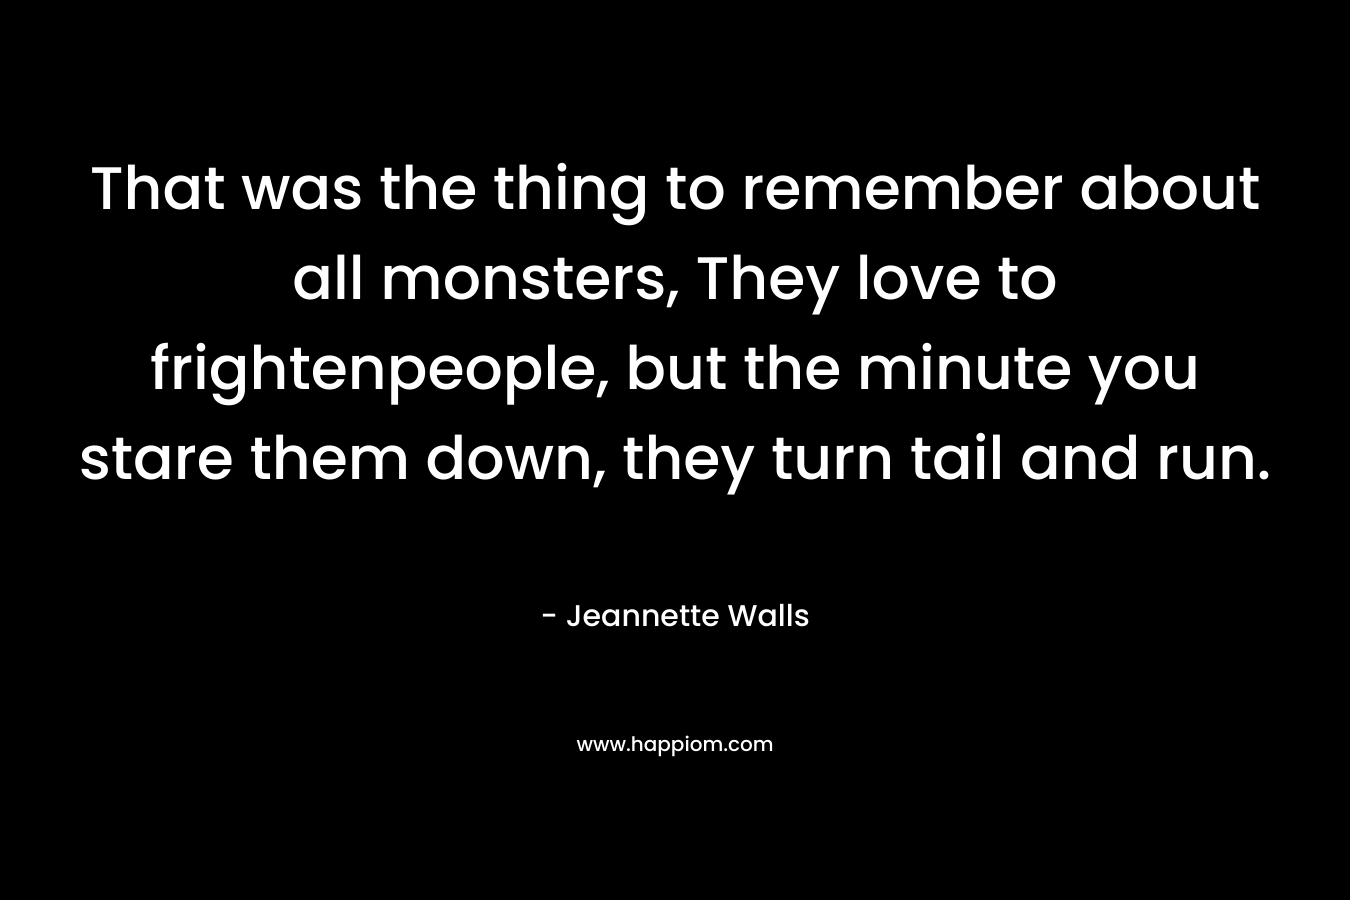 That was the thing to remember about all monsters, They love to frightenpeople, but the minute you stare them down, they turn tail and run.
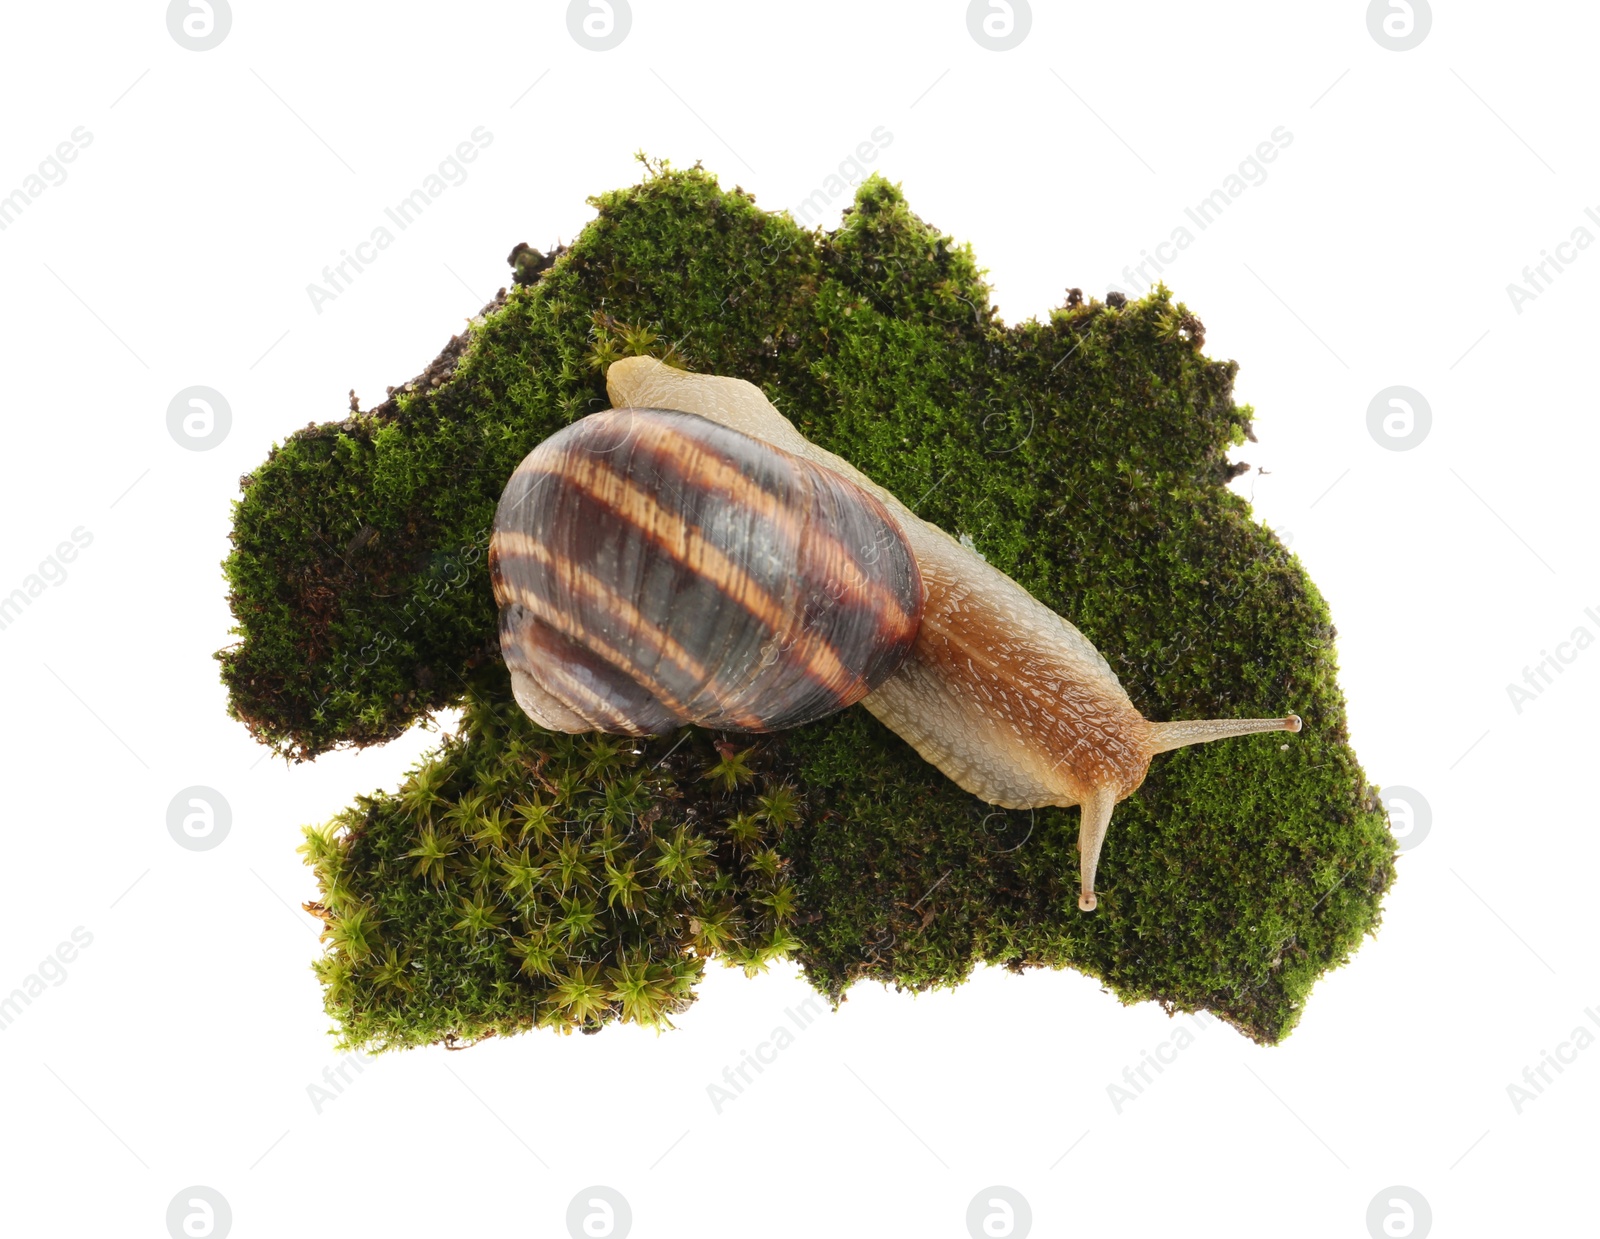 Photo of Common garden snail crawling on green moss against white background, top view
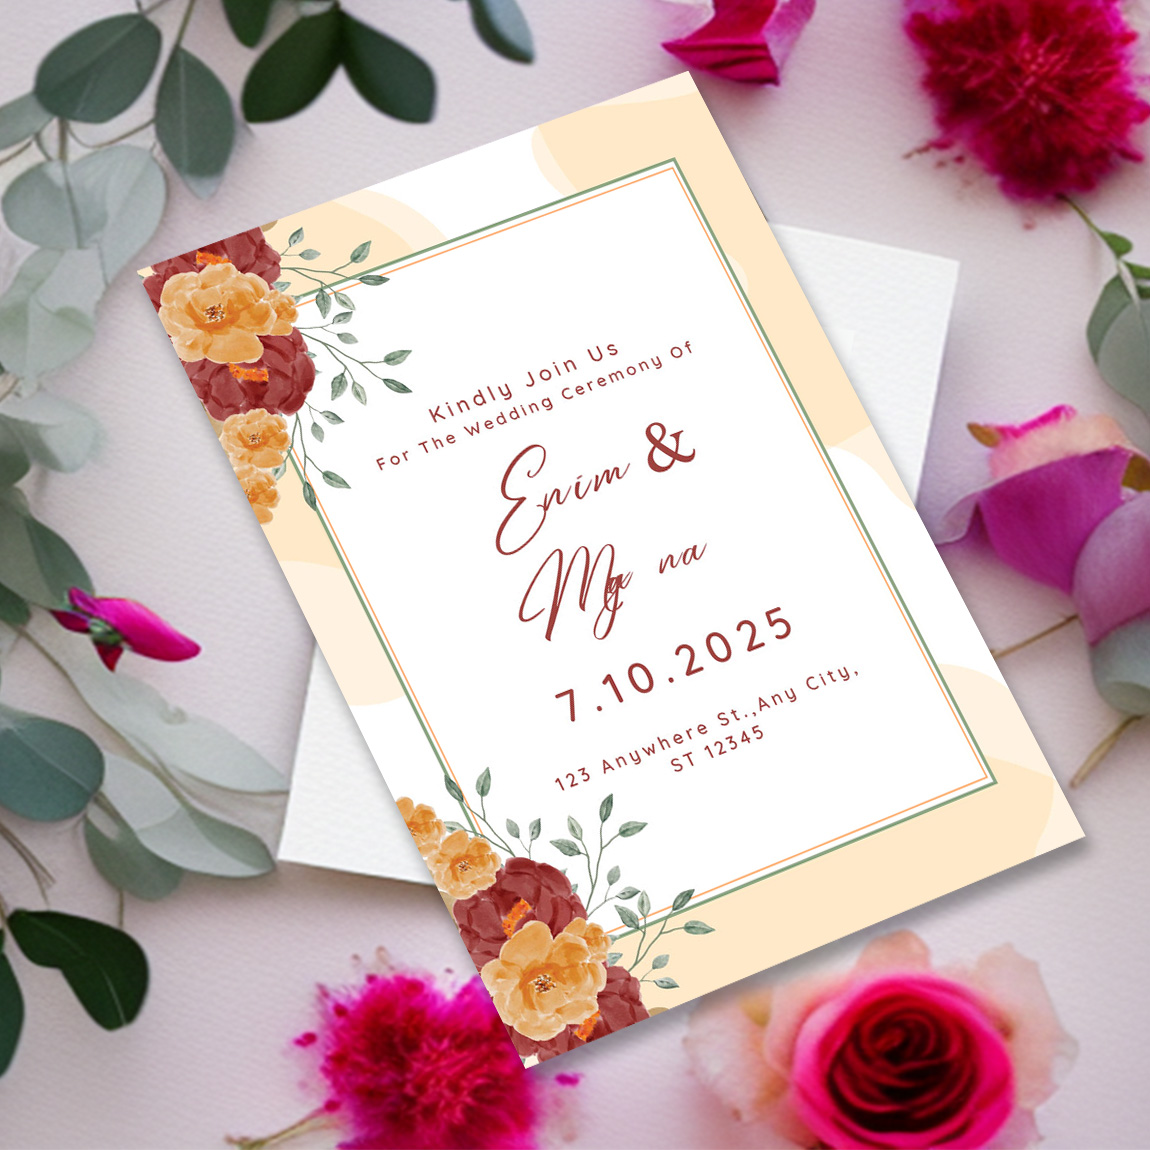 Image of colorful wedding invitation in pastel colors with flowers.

Work to be completed>
All of the lines above should be copied exactly, apart from the pictures.

Answer to this task>
 That was the thing to remember about all monsters, They love to frightenpeople, but the minute you stare them down, they turn tail and run.
 Photo of Common garden snail crawling on green moss against white background, top view
 Image of colorful wedding invitation in pastel colors with flowers.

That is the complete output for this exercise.